All of this affected David, during production and after:
“I felt a lot of weight. Maybe more of the weight came from that than even the actual show. I was just like, ‘I don’t like attention, but here I am in front of millions of people, and now they’re involving my family and creating tension. They don’t know how it’s affecting my family’s personal relationships. They don’t know what’s going on in my home. They don’t know how this is affecting us, and how people look at us. But they’re OK with that, because it makes their show juicy.’ As a 17-year-old, I really took that personally. A lot of that is hard, and even 10 years later, it’s hard to not feel resentful. Even though they liked me, they were nice to me, and they wanted me to do well on the show, they were willing to portray me and my dad in a way that made it really difficult for all of my family. They didn’t really think about how it was going to affect my brothers and sisters. They didn’t think how it was going to affect me. They didn’t think about how it was going to affect my dad’s reputation.”
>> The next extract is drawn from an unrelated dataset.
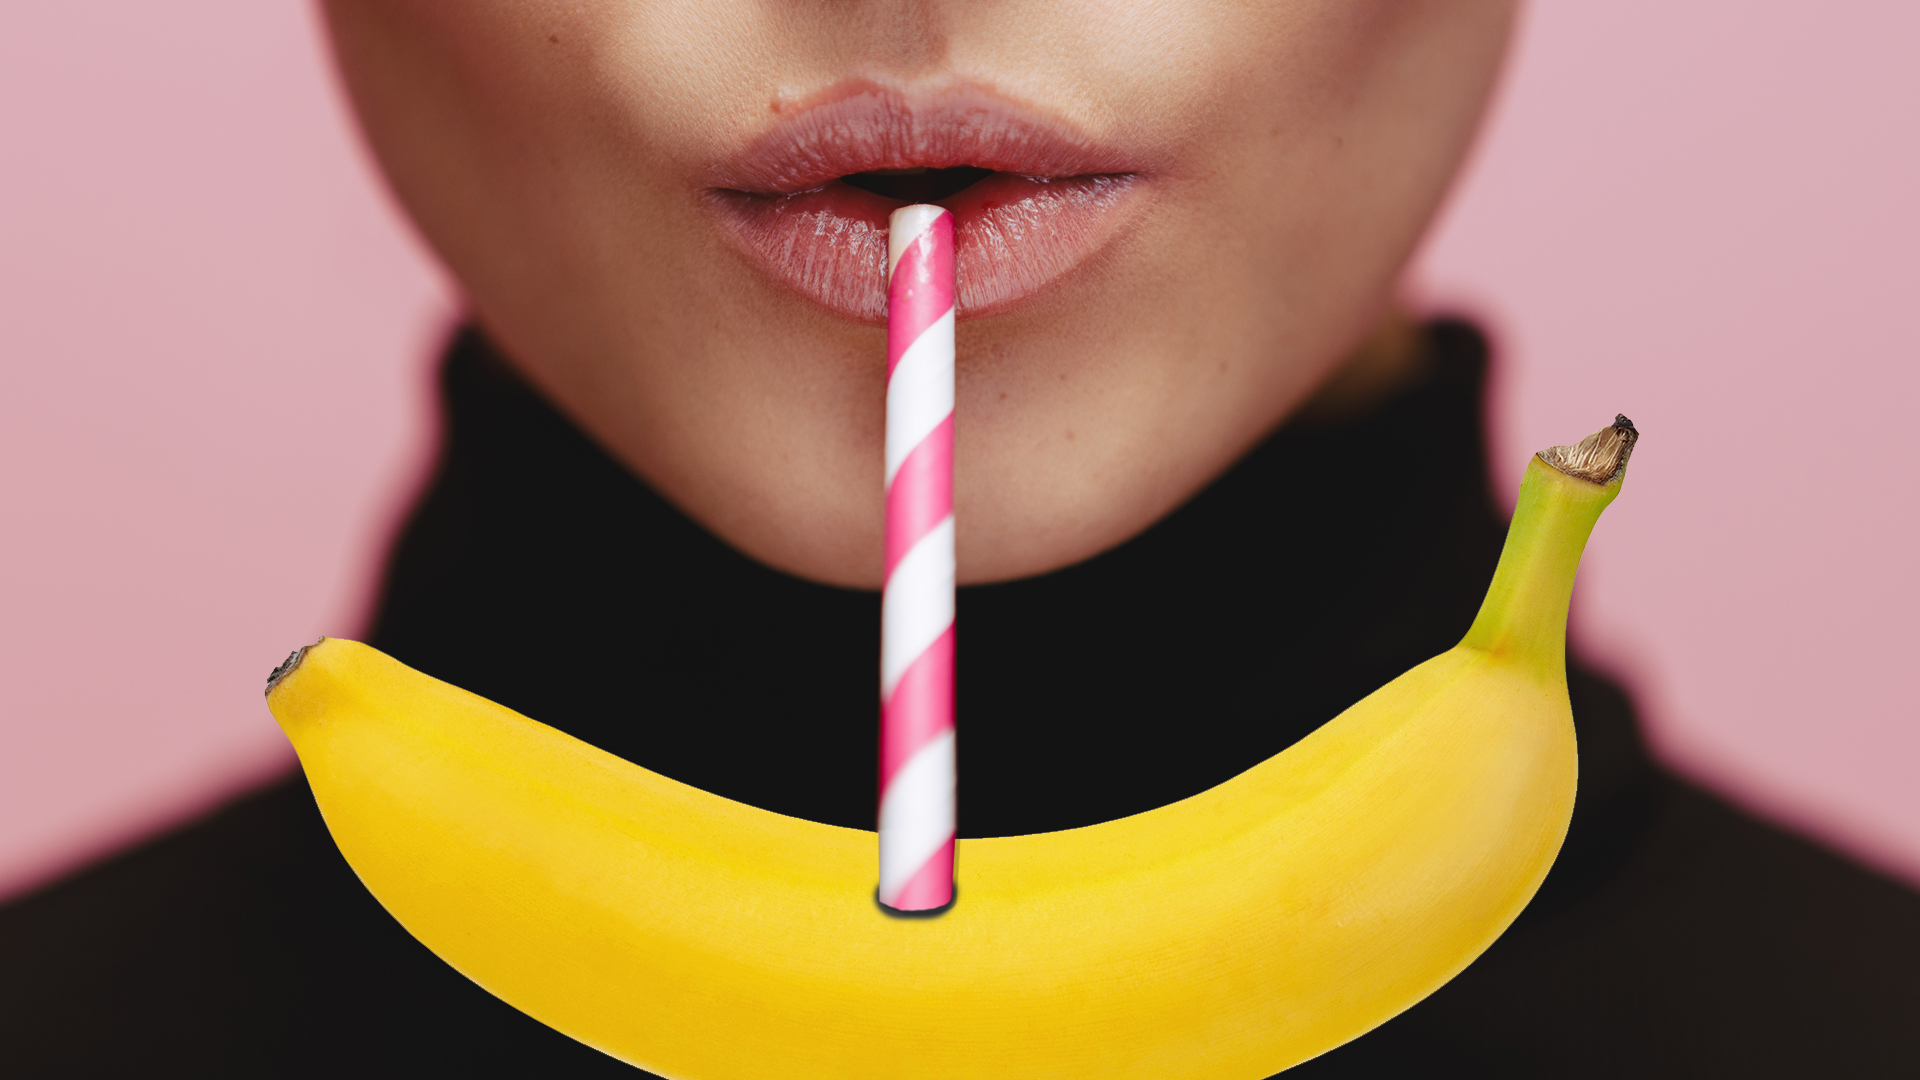 A woman drinking a banana with a straw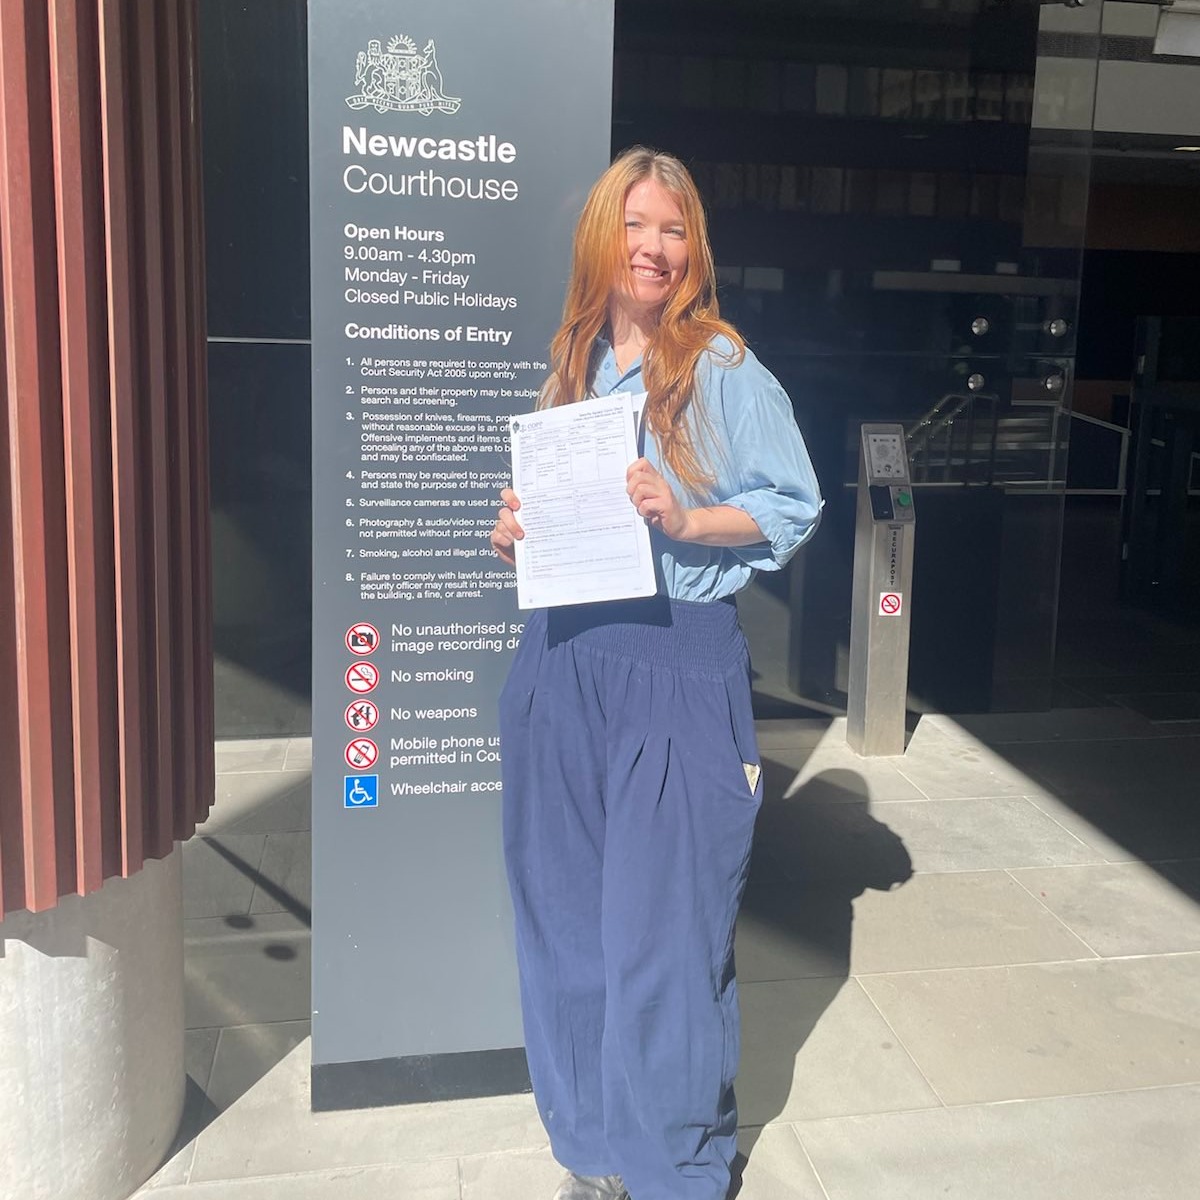 CONVICTION DROPPED! In his statement explaining why he overturned Lauren's conviction, the judge in the District Court of Appeal stated, 'the mining and export of fossil fuels is a significant issue of great concern in our society.' You are a legend, Lauren. Well done! 🌊🌊🌊

What’s particularly interesting to me is his response to the response others have to this kind of story. Here’s what David told Yahoo Music:
“People say, ‘That’s the price that you pay, and you got yourself into your own mess.’ But I didn’t know people were going to start talking about my family. It was almost like I felt like my siblings were sometimes like, ‘Why did you go audition for that show?’ I felt very guilty because of how it affected my family, because we loved our dad.”
I know I’ve had that kind of reaction to reality stars in the past: This is what you signed up for! How could you not know?
Perhaps that kind of reaction is because of the guilt we feel about how we treat the people we see on TV—or the guilt I feel about how I’ve treated the people I see on TV.
It’s easier to blame them for bringing it on themselves: If you didn’t want to be mauled by a lion, you shouldn’t have gone to the zoo!
But what if the zookeeper pushed you into the lion’s cage? What if you had no idea how low the guard rails were, or that there really weren’t any guard rails at all?
What if everyone standing around watching you be torn apart by the lion knew that you were pushed but said they didn’t care because you came to the zoo so it’s your fault?